Configuration variables are defined in `agent_config_v7.yml` and `configs.yml`. They control various aspects of the system's behavior.

### Environment Variables in `configs.yml`:

- **Global Constants**:
  - `max_attempts`: Maximum number of attempts the model has to solve a challenge.
  - `discount_factor`: Discount factor used in backpropagation during MCTS.
  - `learning_rate`: Learning rate for updating node values.

- **Phase 1 Settings**:
  - `performance_threshold`: Minimum node value to consider for expansion.
  - `value_delta_threshold`: Threshold to determine convergence based on value changes.
  - `convergence_checks`: Number of iterations to confirm convergence.
  - `exploration_probability`: Probability of exploring new nodes randomly.

- **Scoring Parameters**:
  - `penalty_per_failure`: Penalty for each failed test.
  - `penalty_per_error`: Penalty for each error encountered.
  - `penalty_per_attempt`: Penalty for each additional attempt after the first.
  - `fixed_by_problem_fixer_penalty`: Additional penalty if the solution needed fixing.

- **Phase 2 Settings**:
  - `challenge_threshold`: Threshold to consider a concept combination challenging.
  - `convergence_checks`: Number of iterations to confirm convergence.
  - `value_delta_threshold`: Threshold to determine convergence based on value changes.
  - `exploration_weight`: Weight given to exploration in UCB calculation.
  - `exploration_probability`: Probability of exploring new nodes in Phase 2.

- **Phase 3 Settings**:
  - `variations_per_concept`: Number of variations to generate per concept combination.
  - `node_selection_threshold`: Threshold for selecting nodes based on challenge score.

### Agent Roles in `agent_config_v7.yml`

Agents define specialized roles for generating prompts and processing responses.

- **challenge_designer**:
  - **Role**: Creates coding challenges focused on specific CS concepts and difficulty levels.
  - **Template**: Designs problems similar to LeetCode challenges, ensuring they match the specified concept and difficulty.

- **challenge_designer_advanced**:
  - **Role**: Generates new and unique coding challenges, avoiding duplication.
  - **Template**: Ensures problems are substantially different from previous ones while maintaining the same concepts.

- **test_generator**:
  - **Role**: Develops comprehensive unittest test cases for coding problems.
  - **Template**: Creates test suites covering a range of scenarios from very easy to very hard.

- **problem_solver**:
  - **Role**: Implements efficient and well-structured solutions to coding problems.
  - **Template**: Provides a single Python function named `solution` that adheres to problem specifications.

- **problem_fixer**:
  - **Role**: Analyzes failing solutions to identify issues and provides corrections.
  - **Template**: Offers a corrected version of the code enclosed within specific delimiters.

- **test_validator**:
  - **Role**: Validates test cases to ensure they properly verify problem requirements.
  - **Template**: Checks for coverage, correctness, and adherence to best practices.

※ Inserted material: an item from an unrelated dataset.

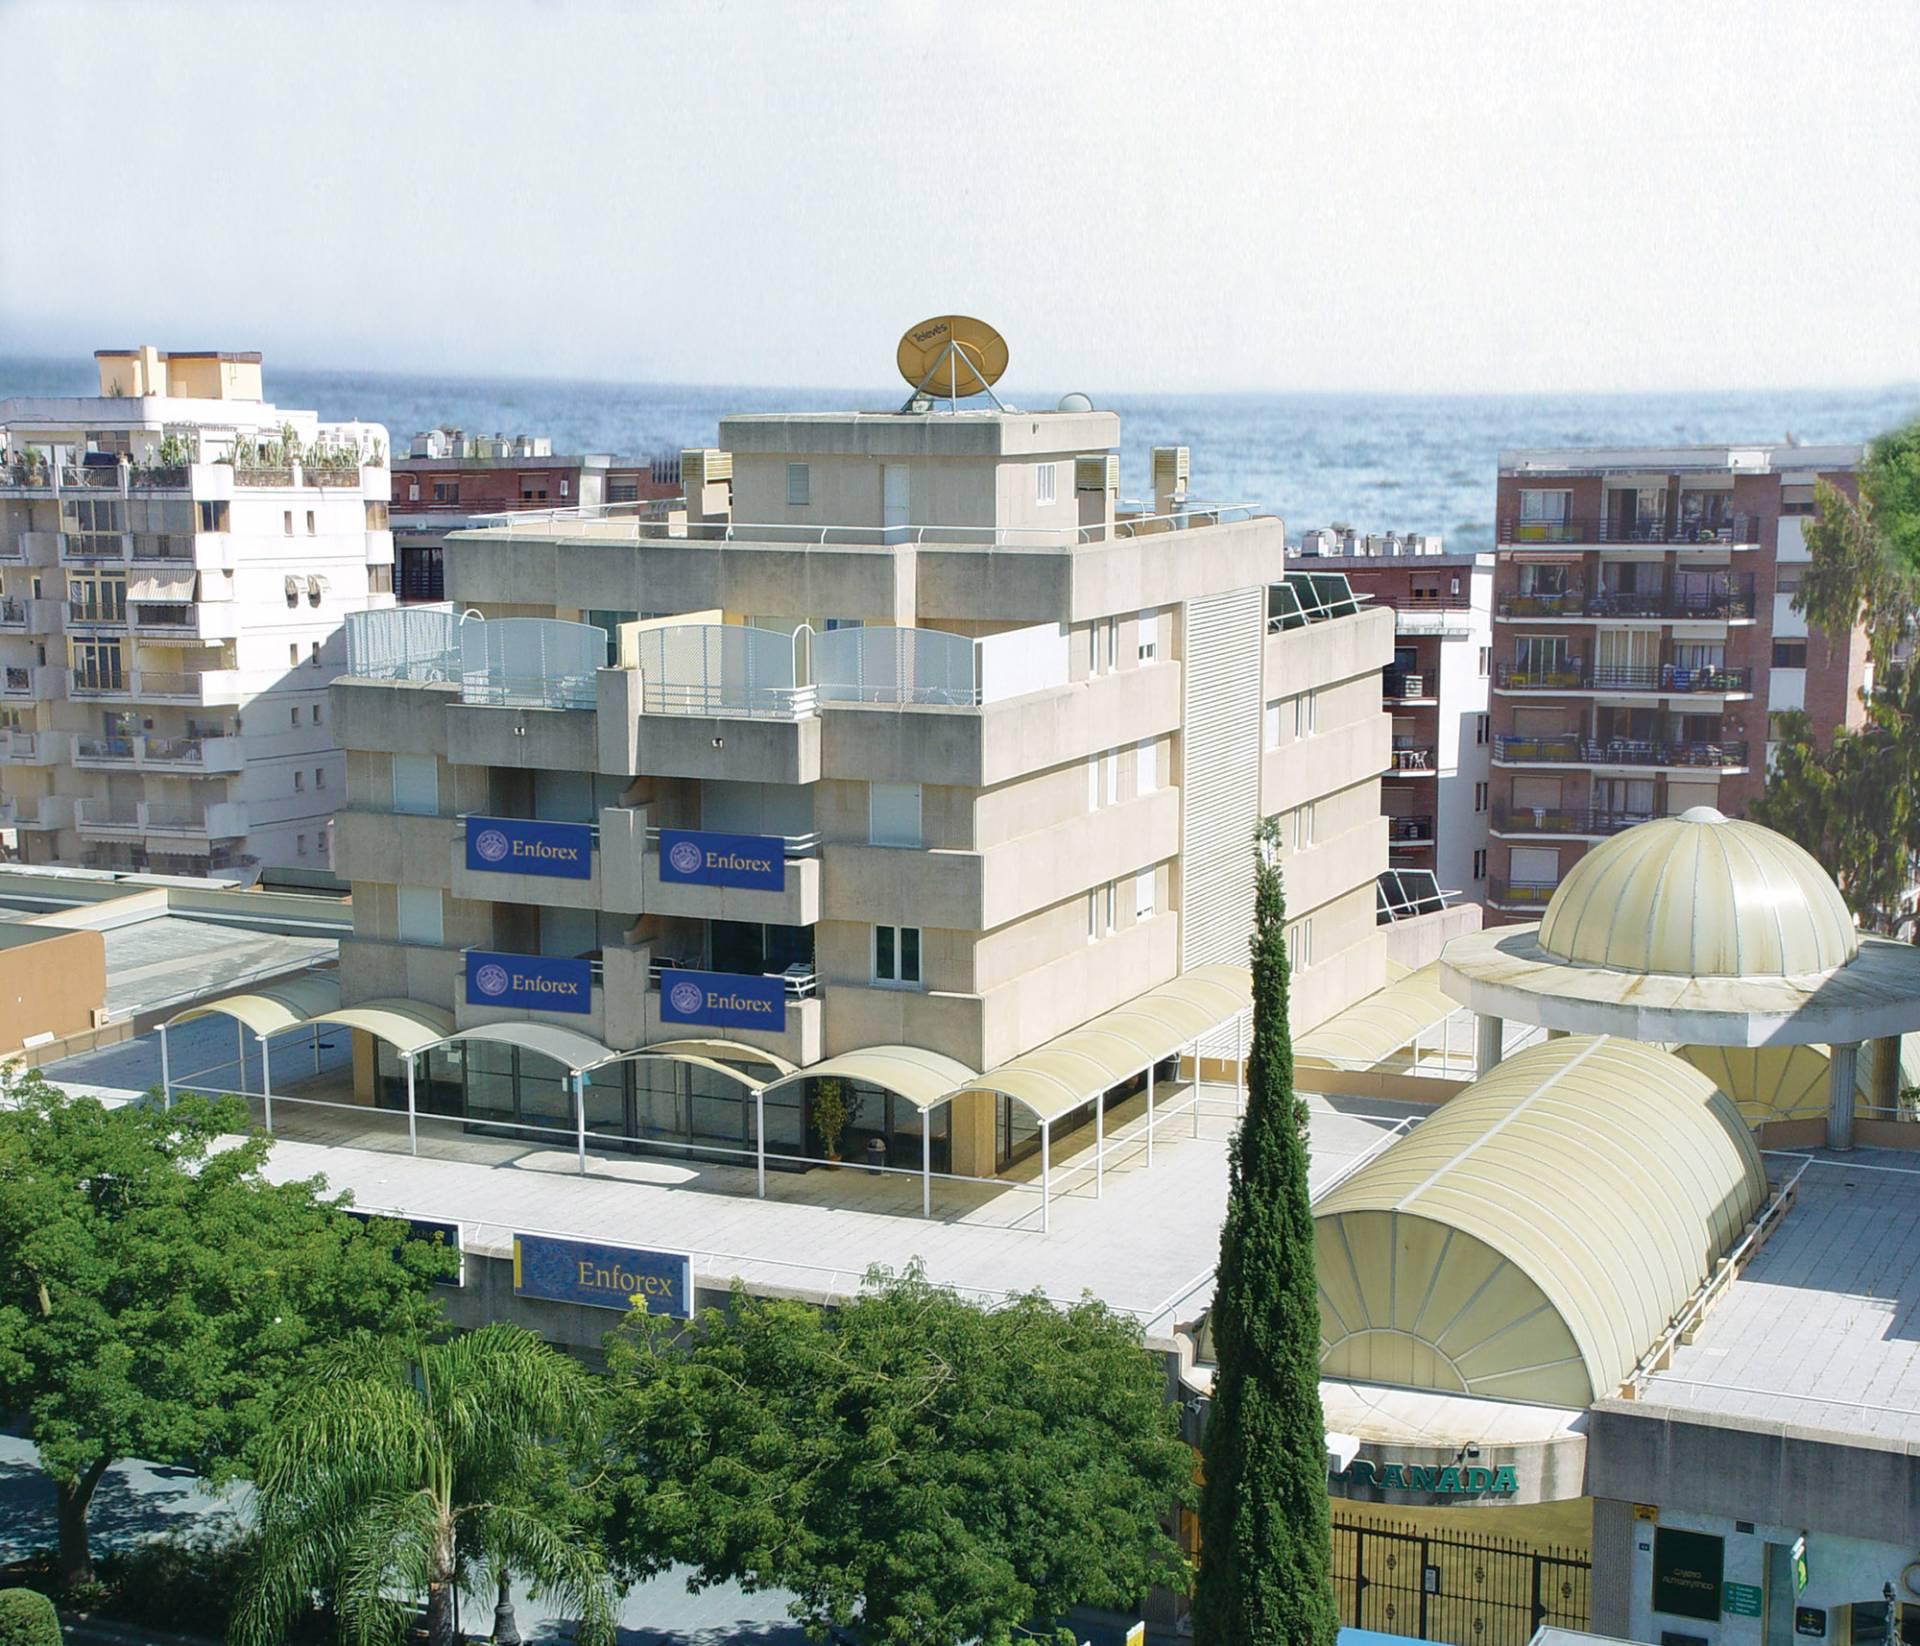 Enforex camp review - Salamanca Forum - Tripadvisor

- **test_error_analyzer**:
  - **Role**: Analyzes test execution outputs to provide insights into failures.
  - **Template**: Identifies failed tests, analyzes errors, and suggests areas for investigation.

- **solution_pattern_analyzer**:
  - **Role**: Reviews solution code to identify patterns and implementation approaches.
  - **Template**: Provides a structured JSON report highlighting algorithm choices, data structures, and coding patterns.

## Analysis Pipeline
Once the benchmarking is finished after running `src/main.py`, the terminal will display:

```bash
MCTS Phase 3 completed
```
Afterwards, the entire analysis pipeline can be run with the following command:

```bash
python src/phase_one_report.py
```

This will provide analysis on the metrics outlined in [Benchmark Metrics](/benchmark_metrics.md). The results will be available in full JSON files alongside charts that visualize the model's performance for each of the described metrics. The structure of the JSON files in outlined in [Comparative Analysis](/comparative%20analysis.md).